Does paying high-interest rates keep you up at night? If you’re in over your head in debt, but can’t seem to get out of it, the debt avalanche may be the answer.
This aggressive, yet incredibly successful program prioritizes your debts, helping you get out of what some people call ‘toxic debt.’
If you’re looking for ways to pay off loans faster, check out the details below.
What is the Debt Avalanche Method?
The debt avalanche or ‘debt stacking’ method pays off your debts with the highest interest rates first. Unlike the debt snowball, which focuses on balances, the avalanche method focuses on interest rates.
If you’d prefer paying as little interest as possible and don’t need the ‘quick wins’ the debt snowball method offers, the avalanche method may be a good choice. You’ll pay interest down faster and focus on getting out of debt without excessive costs.
How the Debt Avalanche Method Works
If you recognize that debt is bad and high-interest rates are an opportunity cost of what your investments and/or savings could earn, you’re ready for the debt avalanche method.
Here’s how it works:
- Write down all debts in order, starting with the highest interest rate debt first (don’t pay attention to balances)
- Write down the required minimum payment for each debt
- Work the minimum payment into your monthly budget
- Pay any ‘extra money’ toward the first debt in line (the highest interest debt) in addition to the minimum payment
- Keep doing this until you pay off the first debt
You’ve started the avalanche! Paying off that first debt is a huge accomplishment because it has the highest interest costs.
Take the same amount you paid to the first debt and add it to the minimum payment of the next debt. Keep doing this to pay your loans off faster and eventually get out of debt.

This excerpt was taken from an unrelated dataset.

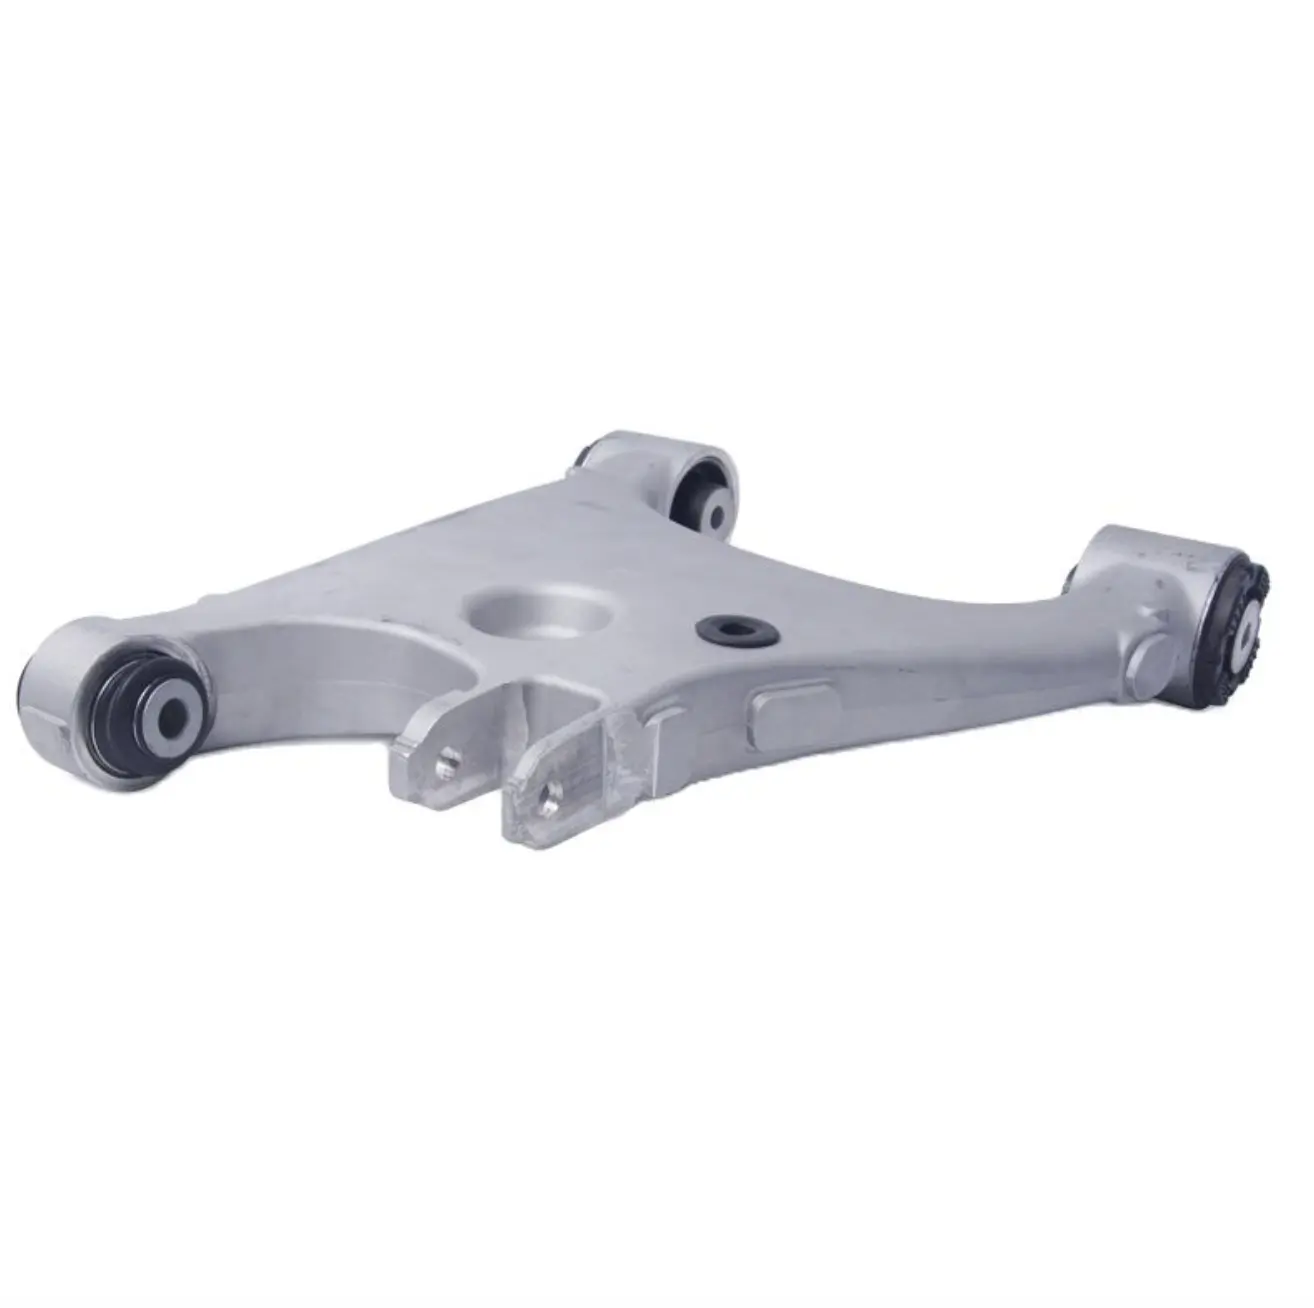 Scap OEM 6006774 00 B Rear Lower Suspension Control Arm For TESLA Model S 2014-2020 1021416-00-D 1027451-00-F

Example of the Debt Avalanche Method
John has the following debts:
- $10,000 credit card at 19.99% with a $250 minimum payment
- $3,000 credit card at 15% with a $75 minimum payment
- $6,000 personal loan at 7% with a $100 minimum payment
- $12,000 car loan at 5% with a $125 minimum payment
John budgets the minimum payments and finds that after cutting expenses, he has an extra $500 per month to pay down his debts.
John pays $750 ($500 + $250) to the $10,000 credit card. It takes John 16 months to pay it off. He’s now saving 19.99% interest – you can’t get that kind of guaranteed return on any other investment!
John takes the $750 and adds it to the $75 minimum payment on the $3,000 credit card, paying it off in 3 more months!
He works his way through the debts until he’s created a debt avalanche and gotten himself out of personal debt.
The Benefits of the Debt Avalanche Method
- Understand your finances better – Focusing on the highest interest rate debt helps you understand the true cost of debt. Paying 19.99% on the money you borrowed years ago robs you of the potential for your money today. Seeing this helps you understand how to manage your money and/or stay out of debt.
- Pay less interest – Focusing on the debts with the highest interest first puts more money in your pocket. While paying the smallest debts first is motivational, it may cost more in the long run. If you can stay consistent, especially if your highest interest debt has a large balance, you’ll see greater savings.
- Pay off loans faster – Having a plan in place helps you pay your loans off faster. Instead of paying the minimum required payments, you go above what’s needed and get ahead of the balance, reducing the interest charges and overall loan costs.
Is the Debt Snowball or Debt Avalanche Method Better?
It’s an age-old question. Should you pay off the lowest balance or highest interest debt first? It’s like asking which came first, the chicken or the egg?
No two people will have the same answer.
Paying off the high-interest debt first saves you the most money. You also pay off loans faster because you’re focusing on the highest interest debts.
If you want to lower your total cost of borrowing, the debt avalanche is the best method. But, if you prefer ‘quick wins’ or need the motivation to keep going, the debt snowball is a better choice. Using the avalanche method, it could take many months before you see progress. If you’ll have trouble staying focused – use the snowball method.
If you’re a ‘numbers person’ and love seeing the interest charges drop, and know you’re on your way to financial freedom, stick with the avalanche method.
You may pay more interest with the snowball method, but if it keeps you motivated, it’s better than making only the minimum payments. Not doing choosing either method is the most expensive and time-consuming method.
The Debt Avalanche Method Gives you Control
If you can implement the debt avalanche method, you’ll feel empowered and in control of your finances. You know you’re paying off high-interest charges and will eventually get out of debt. While it doesn’t have obvious ‘quick wins’ the interest savings are huge.
If you can recognize the savings potential, the avalanche method helps you pay off loans faster. Like any new program, choose the one that you’ll use most consistently. You can change programs at any time. If you start with the snowball method and realize you can consistently pay off your debts, switch over to the avalanche method, and crush those interest charges.
Today is a great day to start getting out of debt. Choose the plan that works with your current mindset and budget and work your way out of debt for good.